68回日本伝統工芸展 岡山展

20211118日 – 1212

岡山県立美術館


 人形では一様に「たたずまい」の極めの美が、求められていく。これが西洋彫刻との相違点だろう。気品といってもよい。ふとした一瞬がみせるしぐさが、どれだけ未来と過去を取り込んで現代に生きているかが問われている。歌舞伎で目を寄せてあらぬものを見ているしぐさに等しい。身を固めて留まらざるを得ない。立つものは多いが、座るもの、寝そべるものも、それなりにポーズをとめて、永遠と一体化しようとする。

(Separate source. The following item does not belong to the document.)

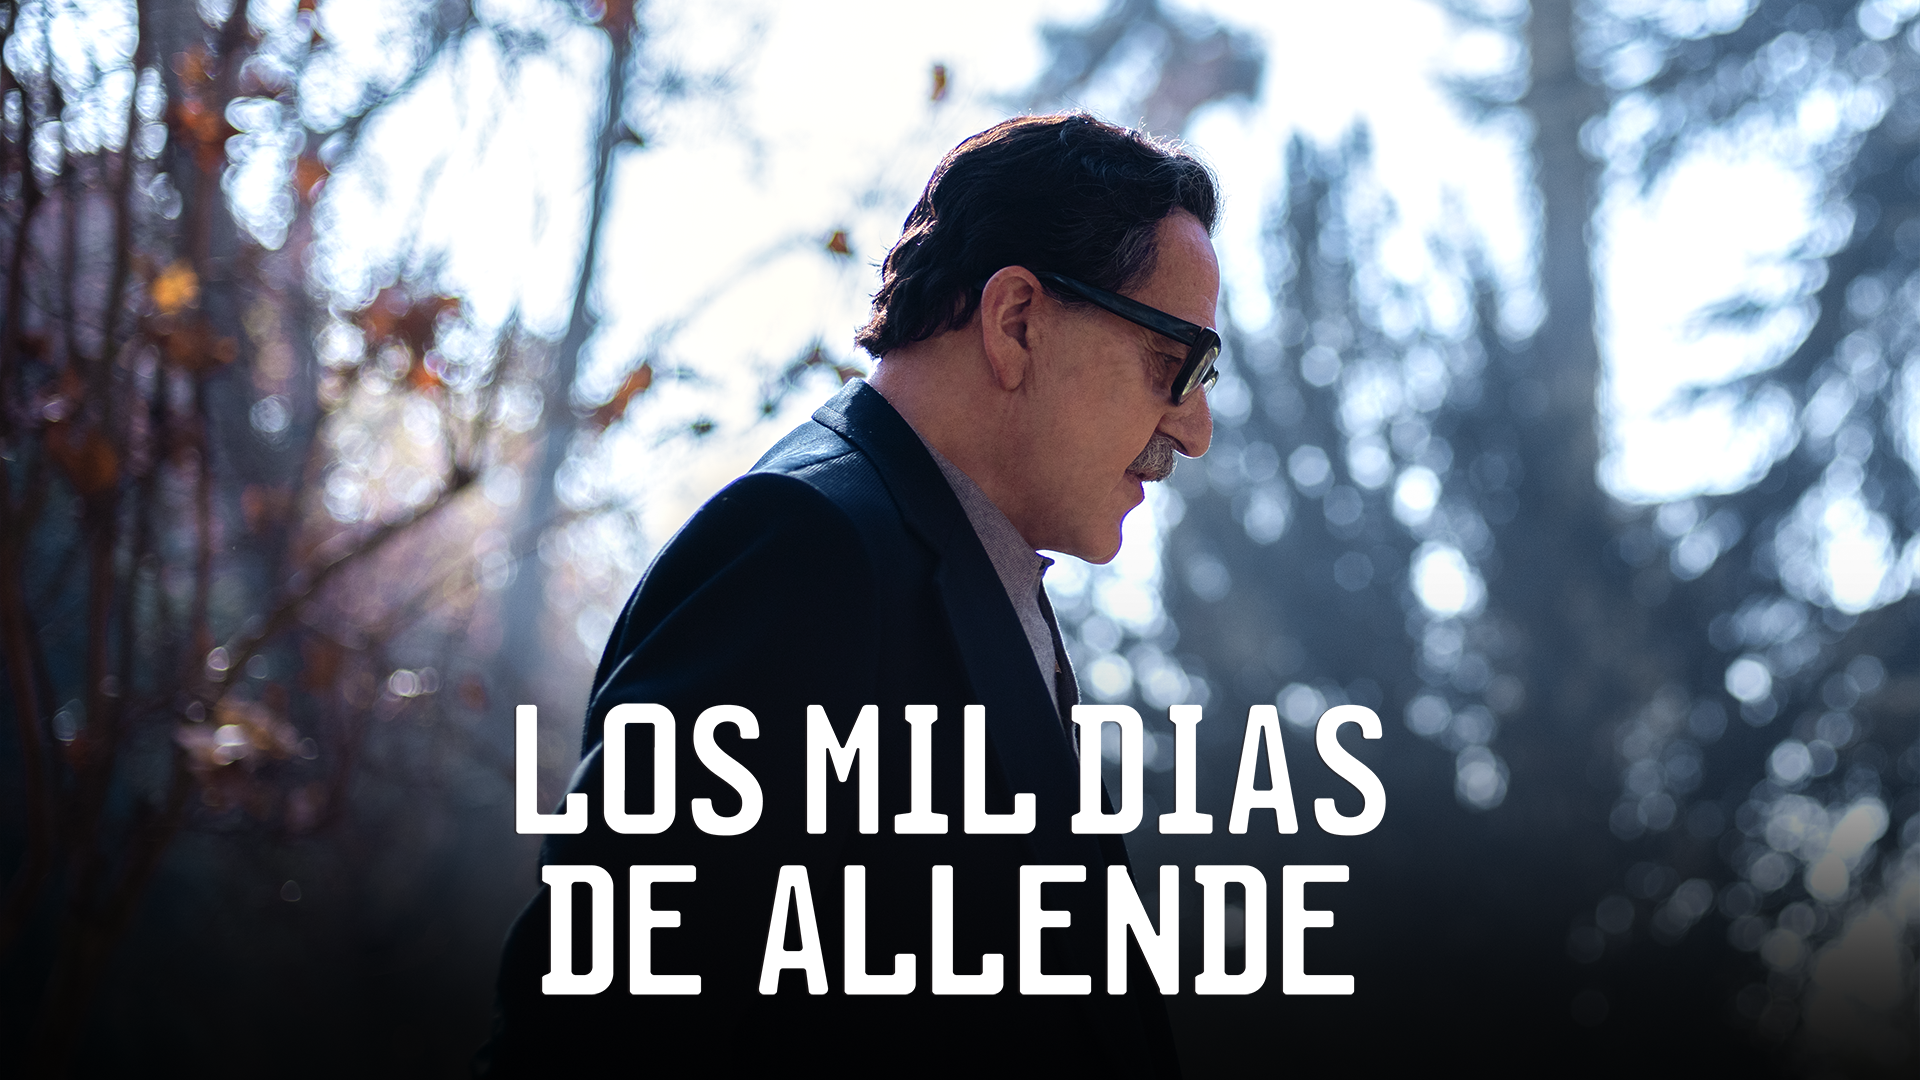 Los mil días de Allende
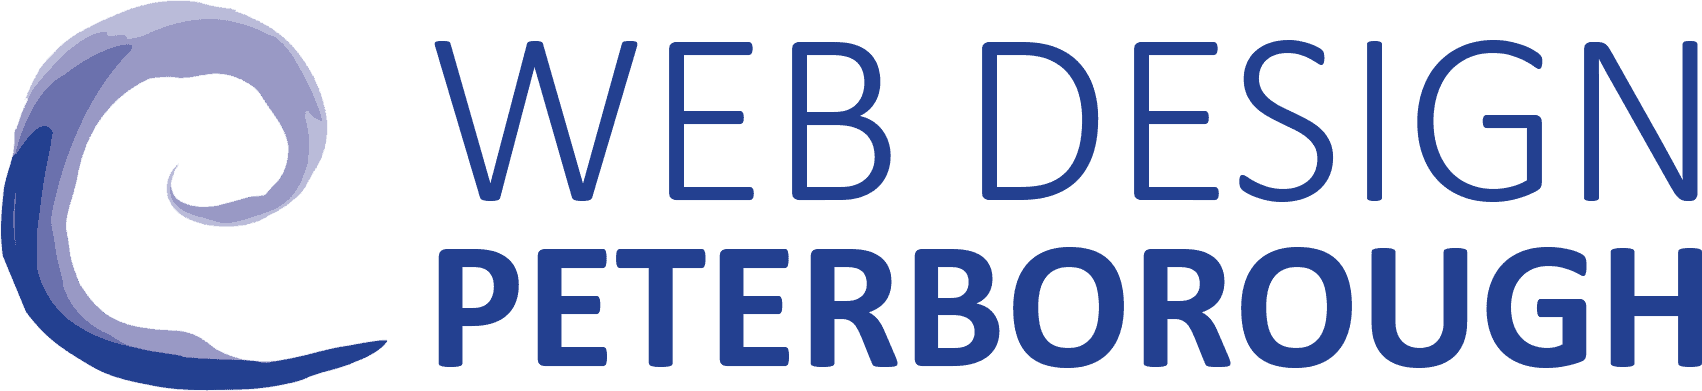 Web Design Peterborough - Optimised website design agency

 漆芸でも象嵌でも、箱の装飾は、なかに何が入っているかが気にかかり、どれだけわくわくするかで、良し悪しは決まる。閉じられた口は、のぞきたくならなければだめだ。うちに金魚を描いた鉢と、蝶が舞う鉢があって、対比をおもしろく見た。のぞきみて蝶との出会いの逆説をおもしろがるか、金魚鉢の道理に与するかという択一となる。鉢や椀の内と外には落差があって、どこからも写真を撮ることができないように身をよじるという反骨精神もいい。立ちにくい形は、手を添えたくなるかどうか、大ぶりの皿は手に取りたくなるかどうかに優劣はある。六角形の真っ白の高杯を複数並べた展示が気に入った。シンプルな柱と天井からなる白亜のガウディ建築を連想させる。ダイナミックなスケール感を宿して、神域にまで達しているように見えた。


 染織では着物のかたちは、みんな同じなので、自然と題名と図柄のパターンに目が向く。「想い出」と題された観覧車がいい。「バタフライ」も図柄としてはおもしろい。「雨音」ではデジタル音が聞こえてくるような雨粒で、伝統工芸への挑戦と受け止められる。「山並」はピラミッドを思わせる尖った山なのに、裾の湾曲に呼応して、まるみを帯びた四国の山並みに見えてきて、あっと驚いた。染織は繰り返されたパターンがどれだけ羽ばたくか、連なりがどれだけ飛躍するかが見どころとなるのだと思う。